The metamorphosis is striking.

For decades, Pakistan’s name has been associated with conflict: tensions with neighbours, allegations of sponsoring militancy, entanglement in proxy wars, and a strategic posture shaped by conflicts not entirely of its own making. Its geography has often been described as a burden rather than an advantage.

Yet geography, like history, is not destiny.

Moments of crisis can also become moments of redefinition. They offer a chance to rediscover a role Pakistan has long aspired to: that of a bridge rather than a battleground.

Pakistan’s role in facilitating de-escalation in a dangerous international confrontation that risked wider regional and even global consequences may have been understated, but it was consequential. It should not be treated as a diplomatic footnote. It should be recognised as a template. Acting as a channel of communication between adversaries, Pakistan demonstrated that stability can be advanced not through alignment but through balance.

The imperative now is to build on this role.

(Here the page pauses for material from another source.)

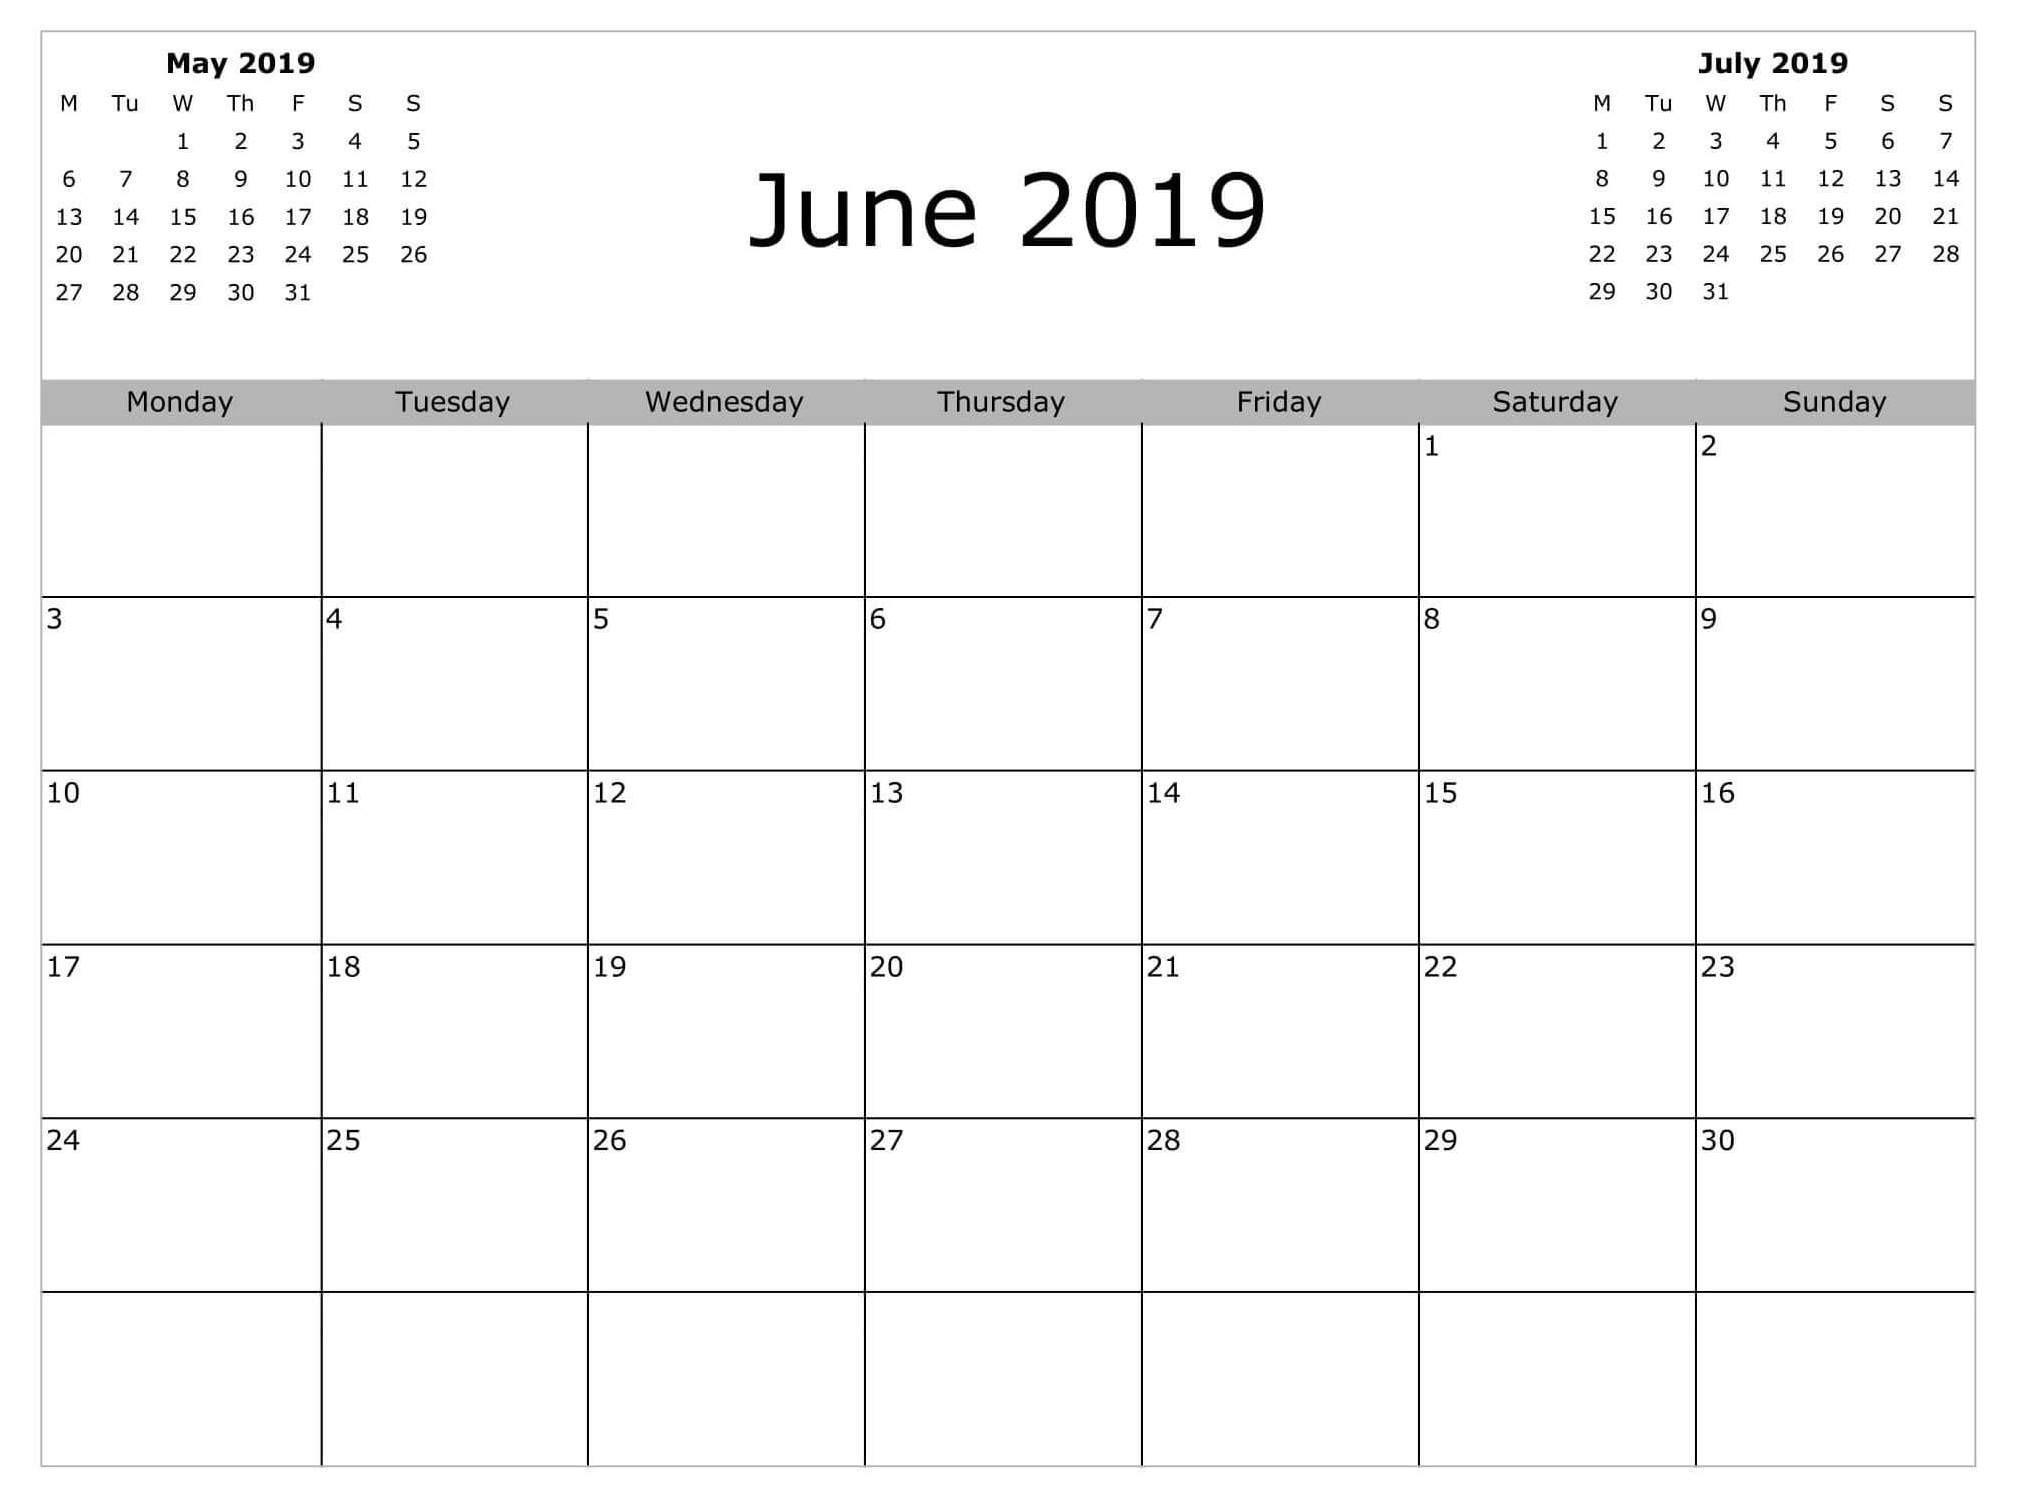 Free Printable Calendar Weekly June 2019 | Calendar Template

The real test of Pakistan’s evolving strategic posture lies in aligning its external and internal policies around a single principle: stability through engagement, not conflict and coercion.

This principle must begin with Pakistan’s immediate neighbourhood.

With India, relations remain trapped in a cycle of suspicion, retaliation, and periodic crisis. With Afghanistan, mistrust persists despite deep cultural, historical, and economic interconnections. Iran, though less directly contentious, remains embedded in a volatile regional environment. In each case, the absence of sustained dialogue has allowed non-state actors and hardened narratives to define the relationship.

A meaningful regional reset requires a clear and mutual commitment: the non-use of militant proxies as instruments of state policy.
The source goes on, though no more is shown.